Я сужаю глаза. Он слишком взрослый для средней школы и от него пахнет кожей, сигаретами и пивом. Интересно, откуда она знает его?
— Хай, — говорю я нерешительно.
— Давно не видел тебя в округе в последнее время. Думал, ты выйдешь в субботу, — он пристально смотрит на меня и не совсем дружелюбно. И это мне не нравится.
— Я была очень занята, — говорю я сухо. Я хочу уйти.
Краем глаза я вижу, что Лейла выходит из уборной.
— Итак, я должна вернуться к своей учёбе, — говорю я.
Он следит за моим взглядом и кивает.
— Я понял. Ну, надеюсь, ты придёшь в клуб в ближайшее время. Я скучаю по танцам с тобой, — он подмигивает мне и уходит. Моя кожа сползает.
— Кто это был? — спрашивает Лейла с любопытством, откинувшись в кресле.
— Без понятия, — отвечаю я честно. — Пойдём отсюда.
Как только мы спускаемся по улице Телеграф, она берёт мою руку в свою.
— Я так рада, что мы смогли поболтать сегодня, — я удивлена внезапной физической близостью, но расслабляюсь в ней. Я знаю, что это не моя жизнь, но я так одинока и хочу быть искренней с Лейлой. Она добрая и любит своих друзей.
— Я тоже, — говорю я.
Глава 18
На следующее утро у Брайана ранняя тренировка, поэтому в машине только я и Ной. Я сижу на переднем сидении и чувствую себя неловко, смотря прямо вперёд и не зная, куда подевать свои руки. Ной притих, под глазами у него тёмные круги. Он не включает музыку, а я не знаю, сердится ли он или просто забыл; когда мы подъезжаем к школе, он не делает ни малейшего движения выйти. Я наклоняюсь за рюкзаком и уже берусь за ручку дверцы, когда он говорит:
— Моего отца уволили, и он снова начал пить. Я думаю уехать к матери.

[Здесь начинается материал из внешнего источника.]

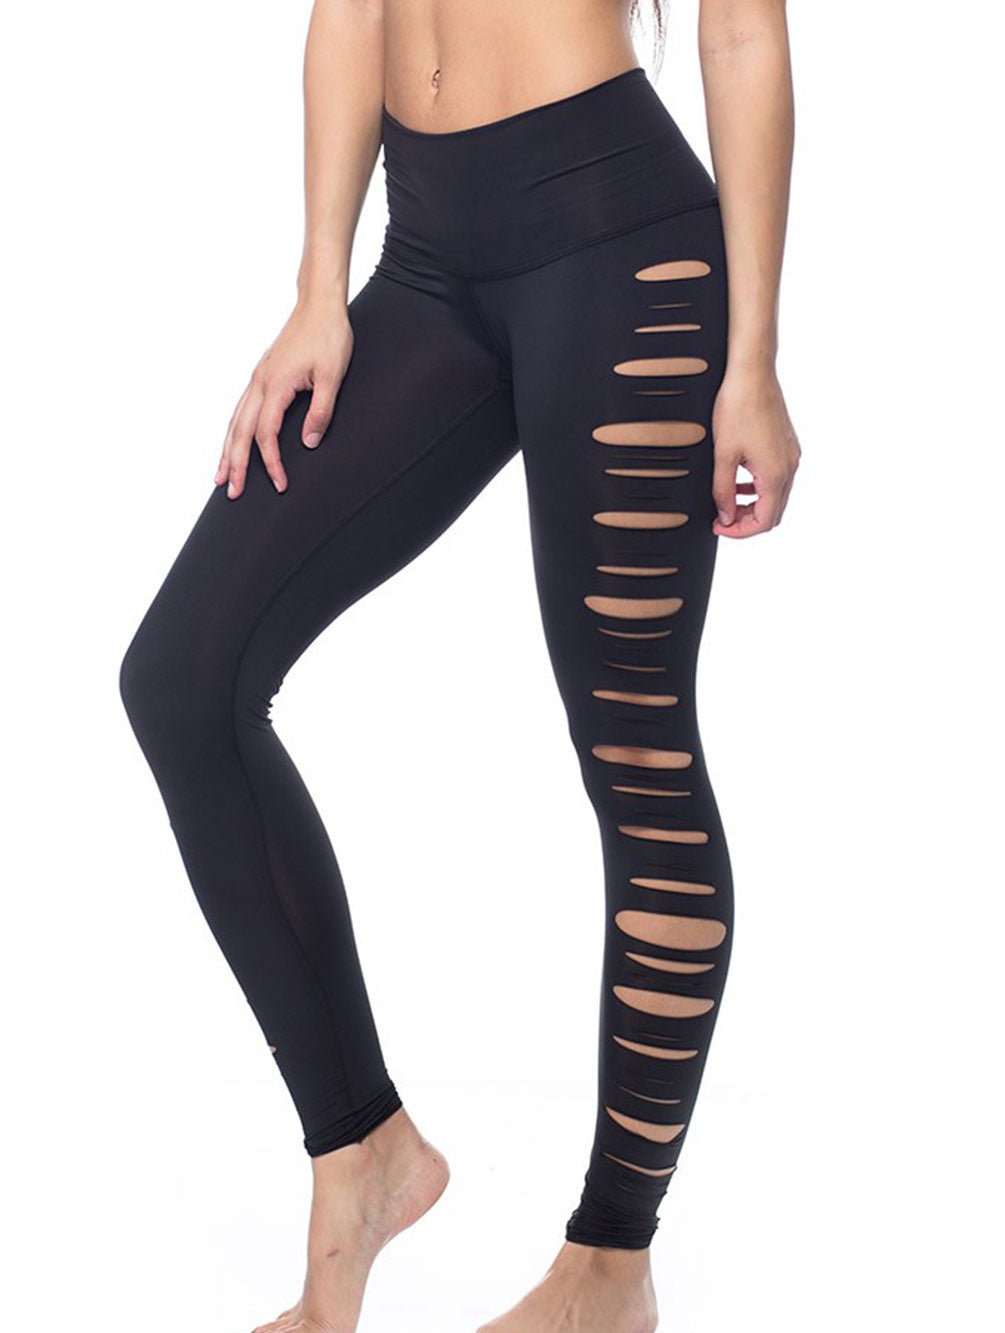 Buy AREO Yoga Pants, Women's Power Flex Yoga Pants Tummy Control Workout  Yoga Designer yoga, work out pant(BLACK;M) at Amazon.in

Его руки всё ещё лежат на руле, будто он хочет уехать.
— Ной, — шепчу я. Через открытые окна я слышу звонок, зовущий нас в класс, но не двигаюсь. — Прости.
— Я ненавижу быть там.
Я чувствую, что он смотрит на меня, и поворачиваюсь к нему лицом, снова поражаясь глубине его голубых глаз. Он выглядит так, будто плакал. Я не знаю, что сказать. Мне в голову даже не приходило, что у него дома какие-то проблемы, — Ной всегда выглядит таким спокойным. Но теперь, когда я думаю об этом, примечаю подсказки. Он хорошо играет, но притворяется другим, не собой, как и я.
Повинуясь импульсу, я беру его за руку. Он не убирает её.

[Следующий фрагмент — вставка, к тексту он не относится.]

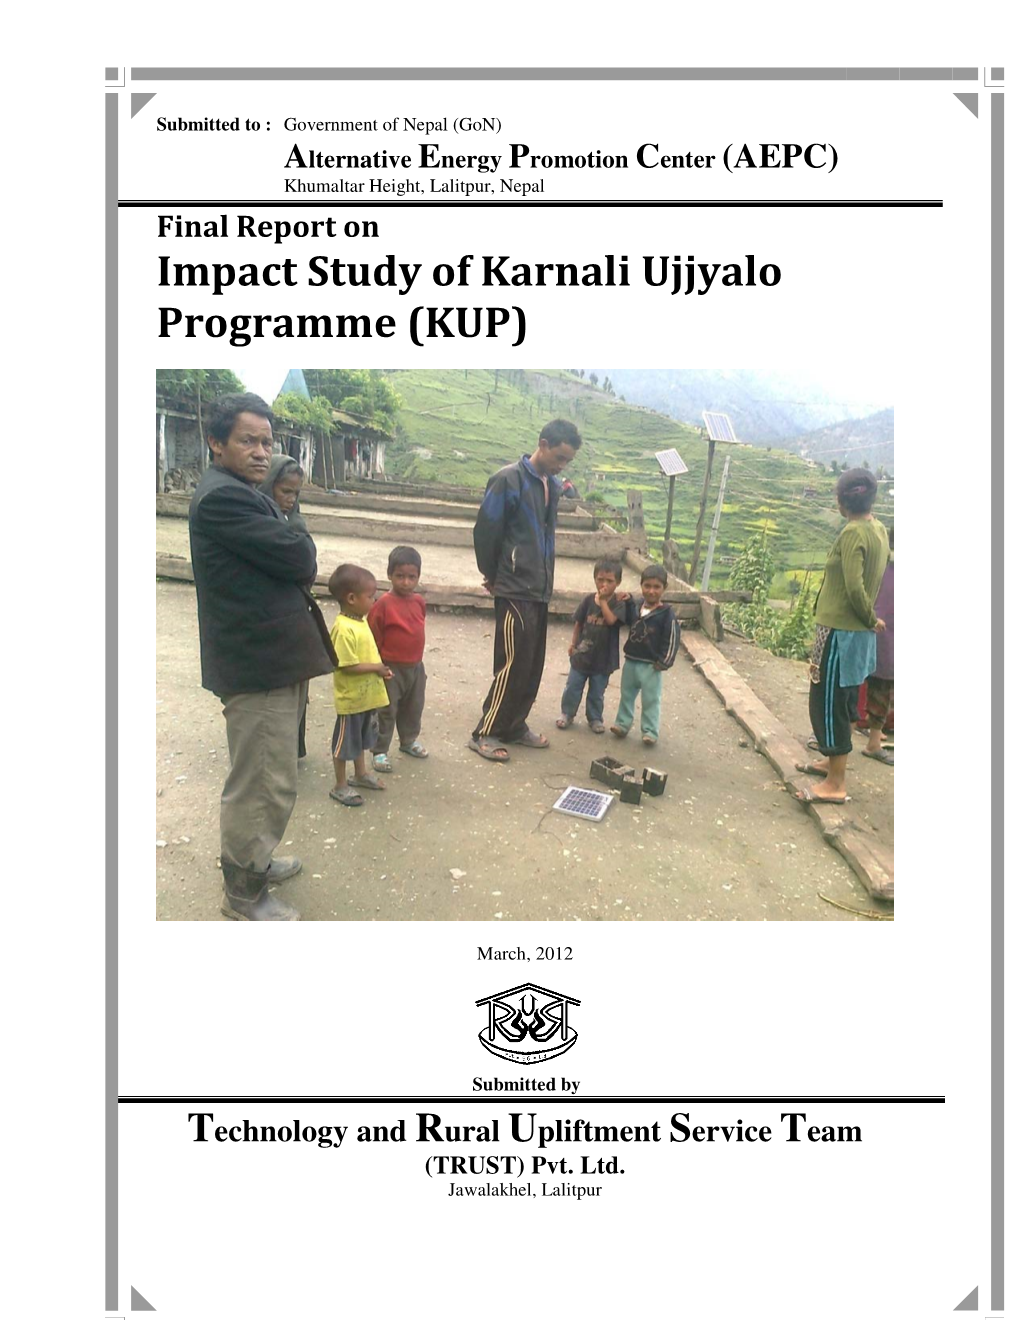 Impact Study of Karnali Ujjyalo Programme (KUP)

— Я не буду говорить тебе, чтобы ты не грустил, — говорю я. — И если ты не хочешь идти домой, приходи ко мне. Я уверена, родители не будут возражать.
Он сжимает мою руку. Мы просто сидим там ещё несколько минут и затем идём на биологию. Опаздываем. Не думаю, что учитель это даже замечает: он не отворачивается от доски, когда мы заходим. Но, тем не менее, это видит кое-кто другой: я чувствую взгляд Николь на своём затылке. Заметно, что он ей нравится. Интересно, она ему тоже нравится? Она красивая. Я качаю головой. Почему меня волнует, кто нравится Ною?
На ланче я сижу во главе стола в секретной комнате. Николь отсутствует. Я склоняюсь к тому, что причина в нашем с Ноем совместном появлении, но не уверена до конца.
Через несколько дней Хэллоуин, и костюмы — постоянная тема разговоров. Шантал хочет быть ангелом, что всем уже наскучило.
— Знаешь, — умоляет Лейла, — ты можешь быть ангелом-зомби.
Шантал выглядит испуганной.
— Ни в коем случае. Зомби отвратительны, — она убирает воображаемую нитку со своего свитера. Остальные девочки с ней соглашаются.
Мэдисон и Пайпер будут гёрл-скаутами.
— Мёртвые гёрл-скауты? Убийцы гёрл-скауты? — с надеждой спрашивает Лейла, но они качают головами. — Вы, ребята, отстой. Хэллоуин подразумевает ужас. Что насчёт тебя, Кайли?
— Домашний арест, помнишь? — напоминаю я ей.
— О, точно. Печально, — обижается Лейла. — Мне действительно жаль, что ты не придёшь сегодня на вечеринку к Доусону.
— Да, без тебя будет не то, — говорит Пайпер.
Друзья Кайли собираются в Хейт-Эшбери в городе купить костюмы, но Лейла обещает поискать что-нибудь устрашающее для меня.
— Может, Красная Шапочка? Только... наполовину съеденная волком?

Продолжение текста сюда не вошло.